Investigating behavioural mimicry in the context of stair/escalator choice
Article first published online: 11 MAR 2011
©2010 The British Psychological Society
British Journal of Health Psychology
Volume 16, Issue 2, pages 373–385, May 2011
How to Cite
Webb, O. J., Eves, F. F. and Smith, L. (2011), Investigating behavioural mimicry in the context of stair/escalator choice. British Journal of Health Psychology, 16: 373–385. doi: 10.1348/135910710X510395
- Issue published online: 13 APR 2011
- Article first published online: 11 MAR 2011
- Received 20 January 2010; revised version received 28 April 2010
Objectives. We investigated whether individuals mimic the stair/escalator choices of preceding pedestrians. Our methodology sought to separate cases where the ‘model’ and ‘follower’ were acquaintances or strangers.
Design. Natural experiment.
Methods. Infrared monitors provided a second-by-second log of when pedestrians ascended adjacent stairs/escalators in a mall. Manual timings established that stair climbers spent ≥ 7 s on ascent, during which time they could act as models to following pedestrians. Thus, individuals who mounted the stairs/escalator ≤ 7 s after the previous stair climber were assigned to a ‘stair model’ condition. A ‘no stair model’ condition comprised individuals with a gap to the previous stair climber of ≥ 60 s. The stair model condition was subdivided, depending if the gap between model and follower was 1–2 s or 3–7 s. It was hypothesized that the former cohort may know the model.
Results. Percentage stair climbing was significantly higher in the ‘stair model’ versus ‘no stair model’ condition (odds ratio [OR]= 2.08). Subgroup analyses showed greater effects in the ‘1–2 s’ cohort (OR = 3.33) than the ‘3–7 s’ cohort (OR = 1.39).

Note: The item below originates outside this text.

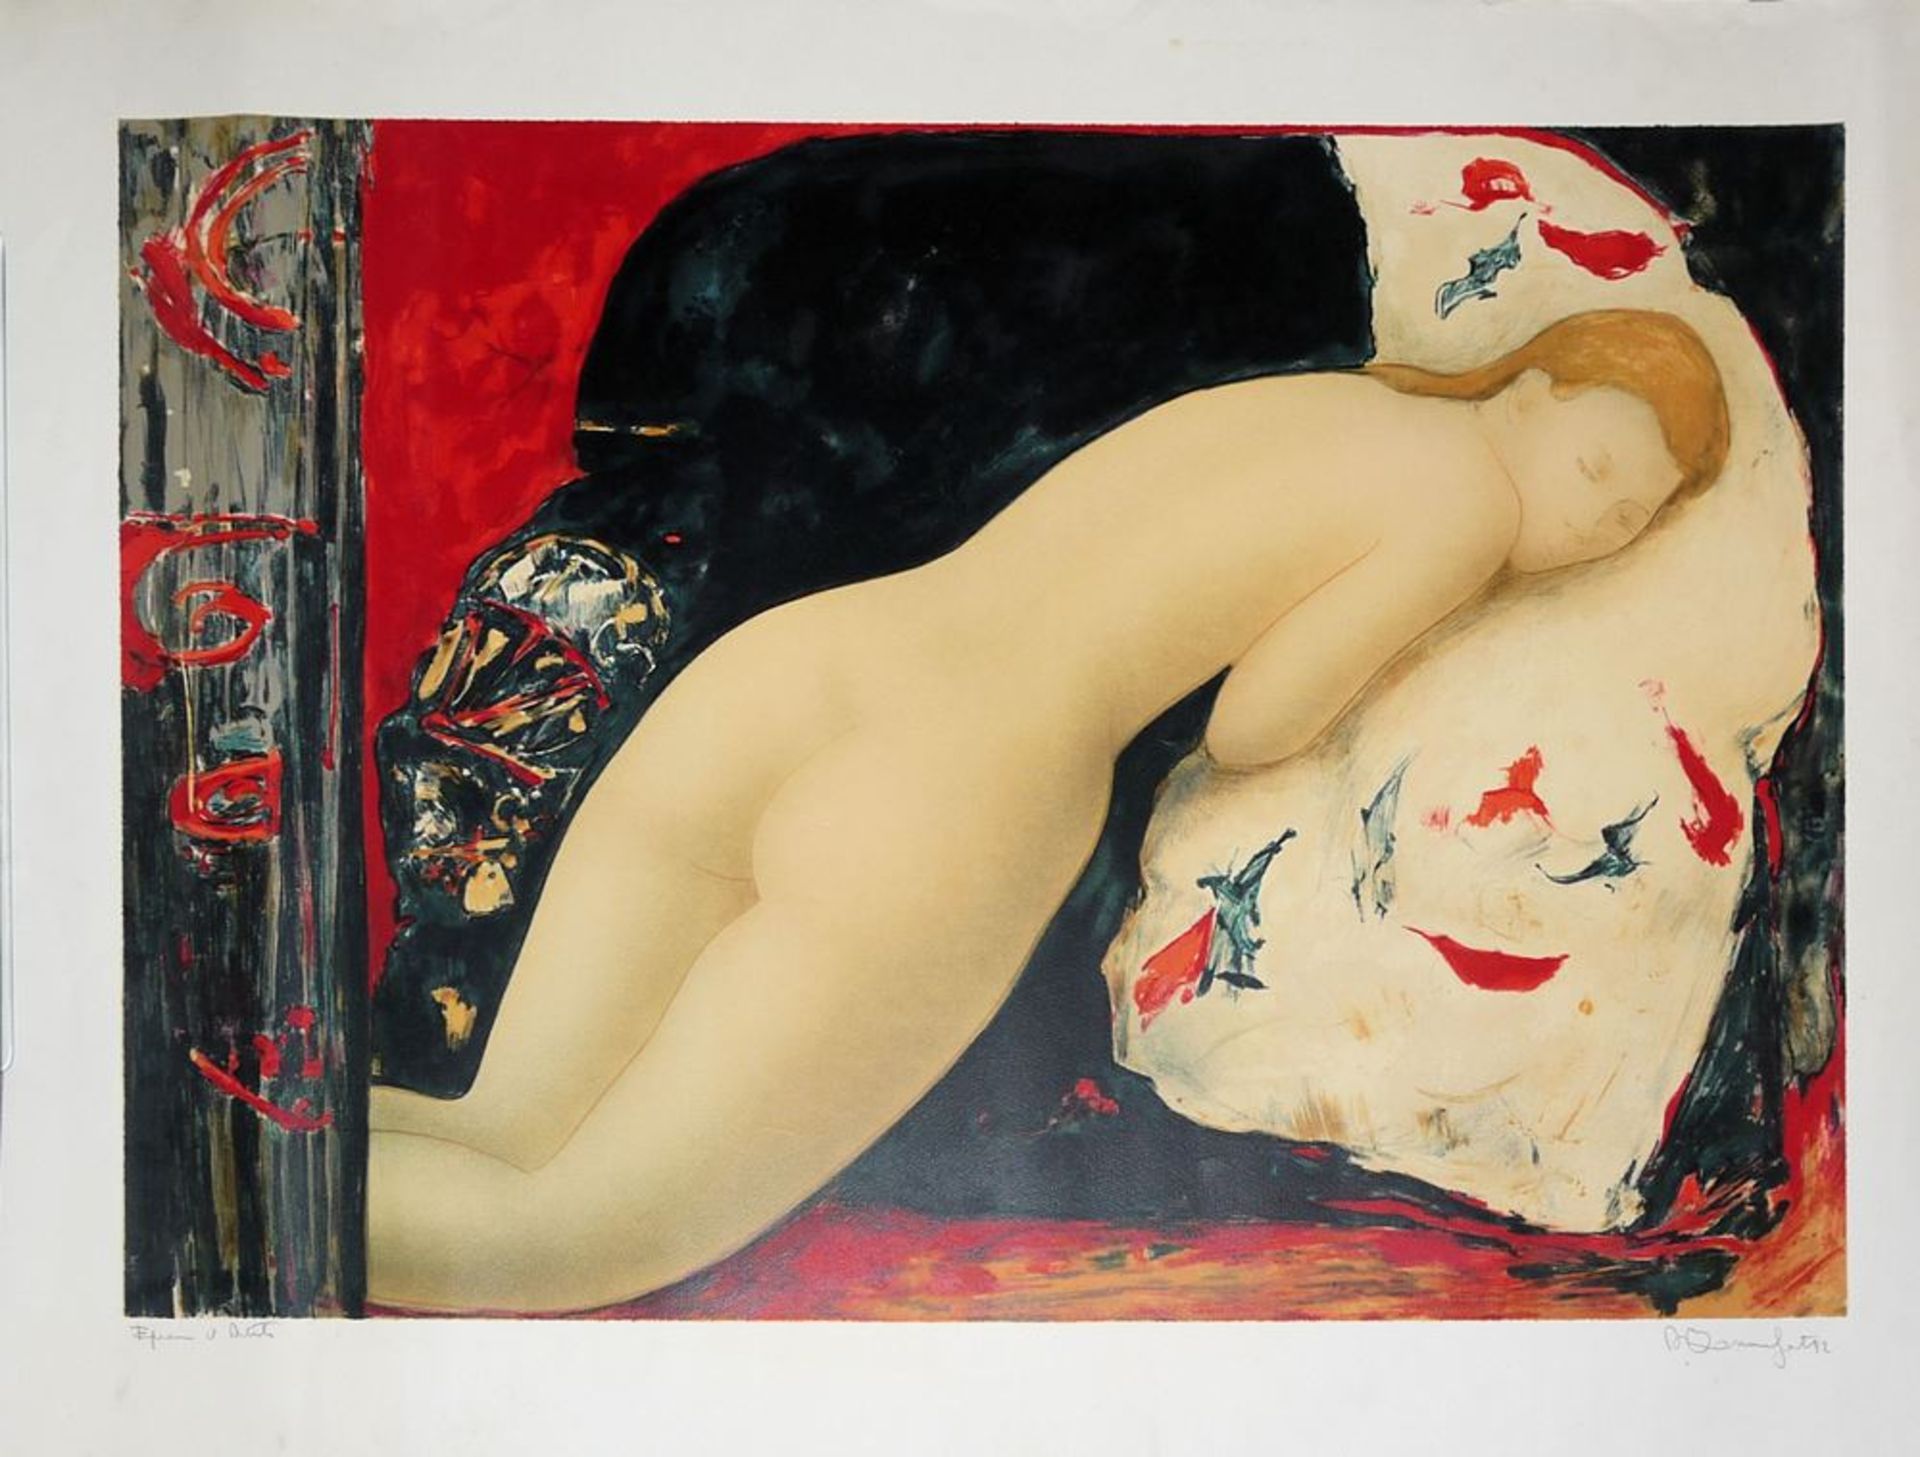 Alain Bonnefoit, Sleeping Nude, large colour lithograph, signed

Conclusions. Individuals appear to mimic the stair/escalator choices of fellow pedestrians, with more modest effects between strangers. People exposed to message prompts at stair/escalator sites are known to take the stairs unprompted in subsequent situations. Our results suggest that these individuals could recruit a second generation of stair climbers via mimicry. Additionally, some of the immediate behavioural effects observed in interventions may be a product of mimicry, rather than a direct effect of the messages themselves.